Recorded data ->
'''
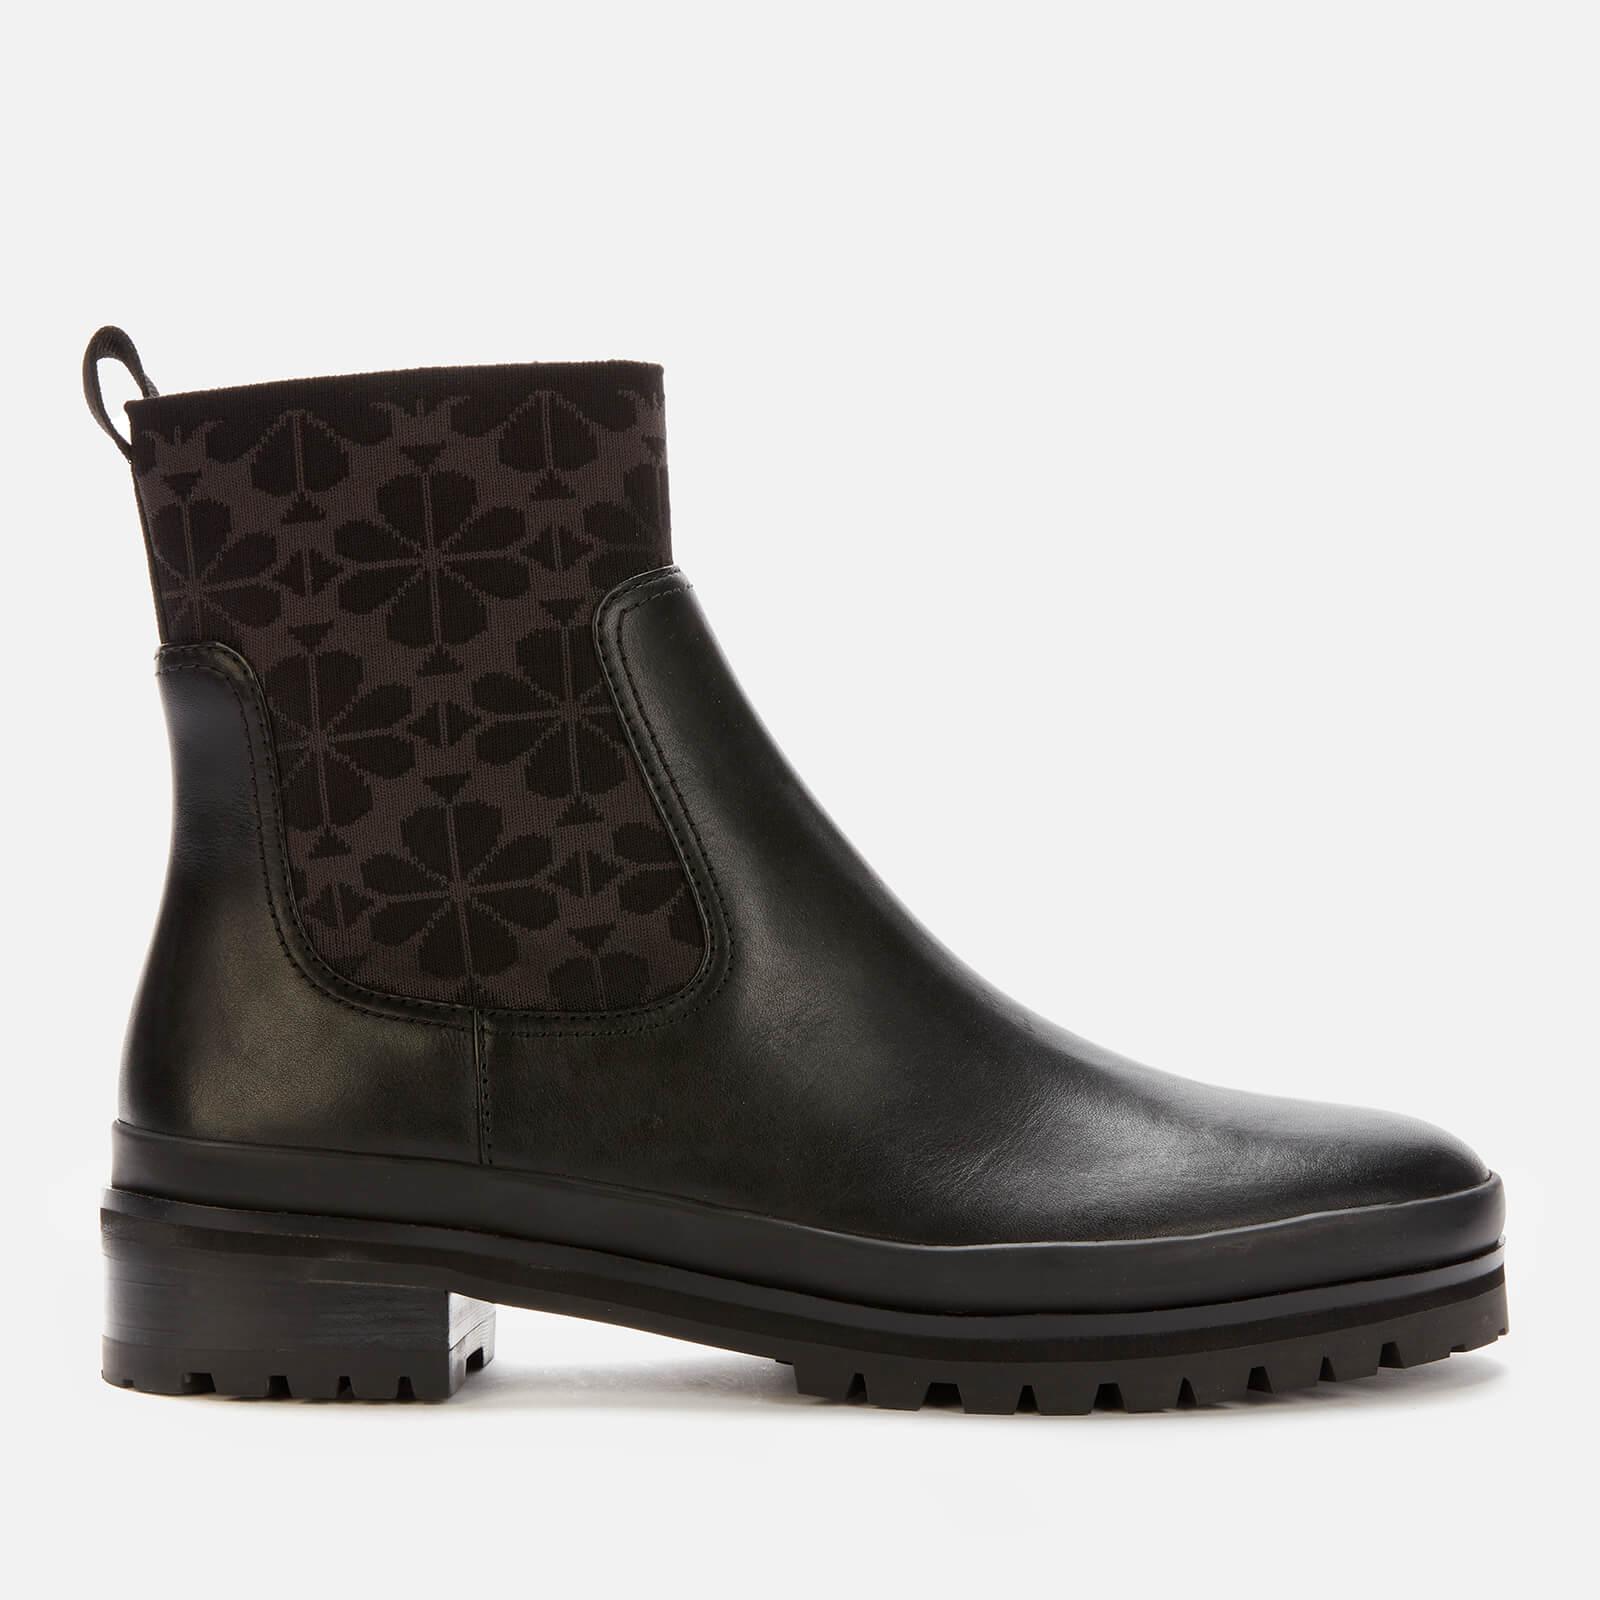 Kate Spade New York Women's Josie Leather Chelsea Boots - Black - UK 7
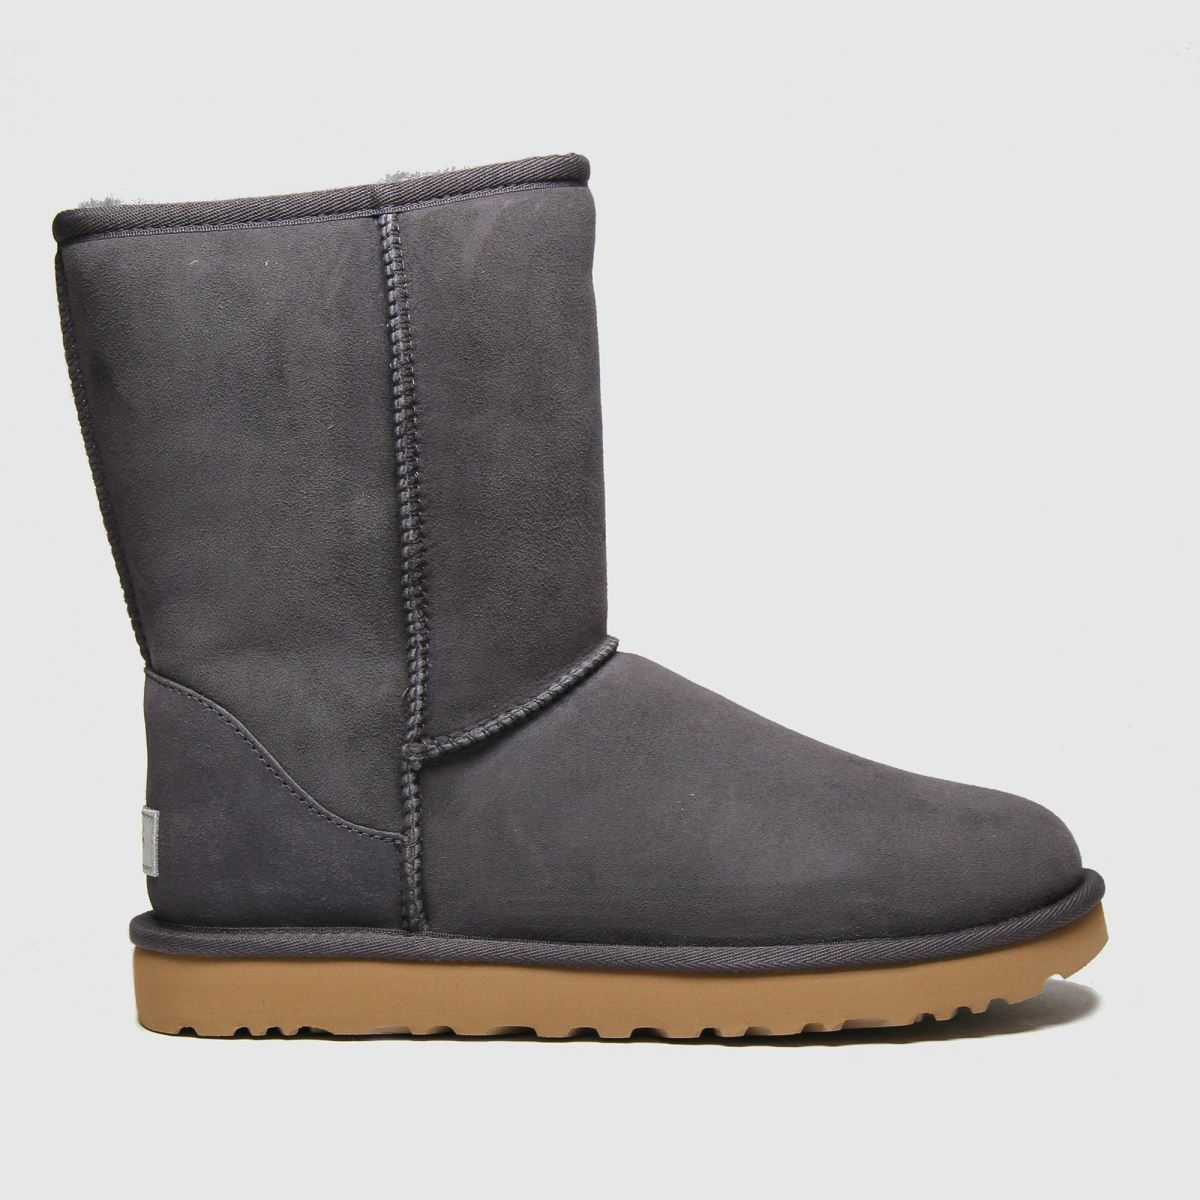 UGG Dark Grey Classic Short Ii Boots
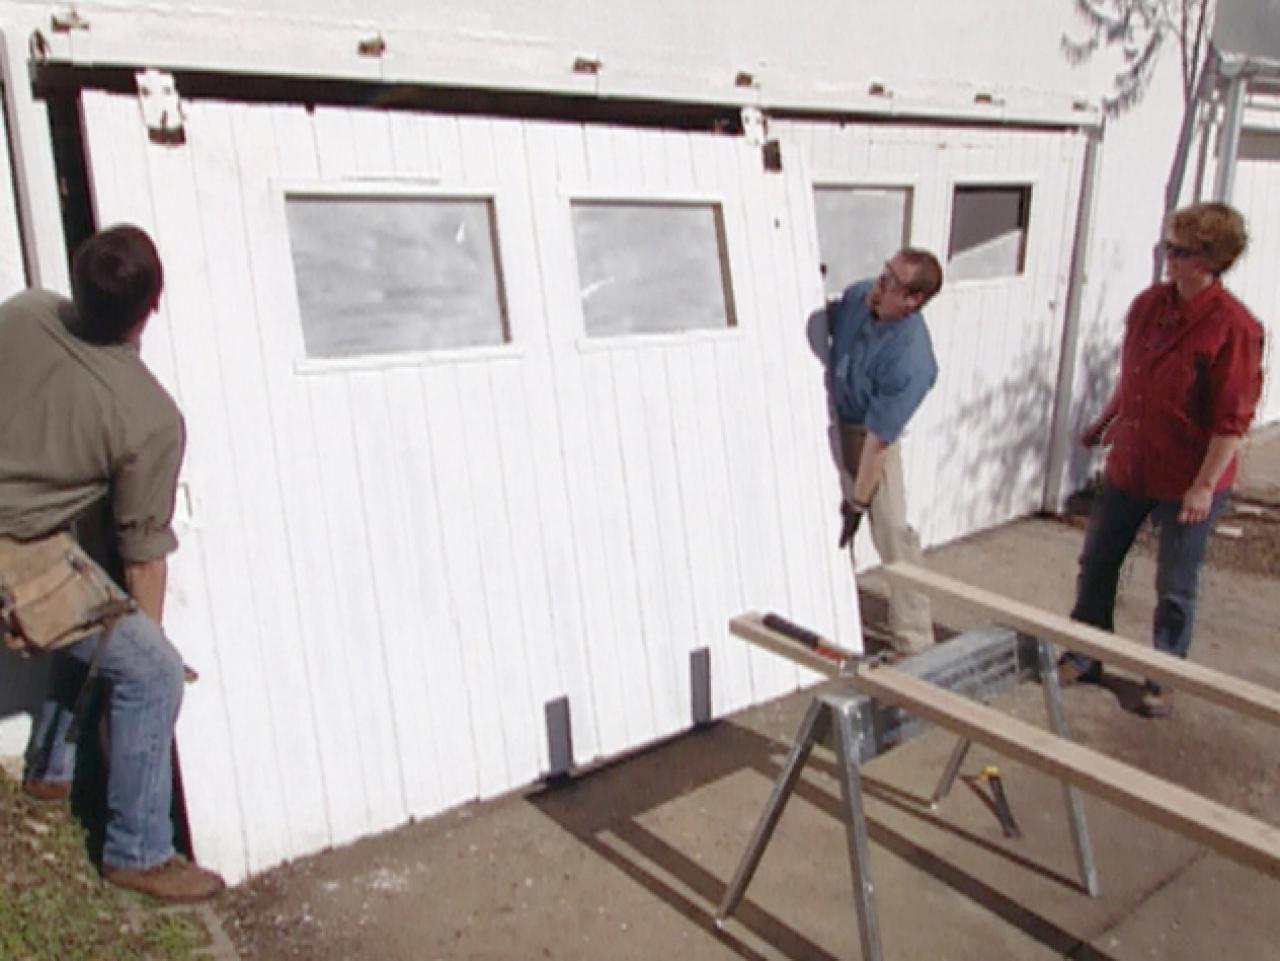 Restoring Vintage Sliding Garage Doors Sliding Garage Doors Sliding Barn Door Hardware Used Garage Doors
'''
Task statement ->
Leave the pictures aside and print exactly, and only, the lines from the one with "UGG Dark Grey Classic Short Ii Boots" through the end of the data, both included.

Exercise result ->
 UGG Dark Grey Classic Short Ii Boots
 Restoring Vintage Sliding Garage Doors Sliding Garage Doors Sliding Barn Door Hardware Used Garage Doors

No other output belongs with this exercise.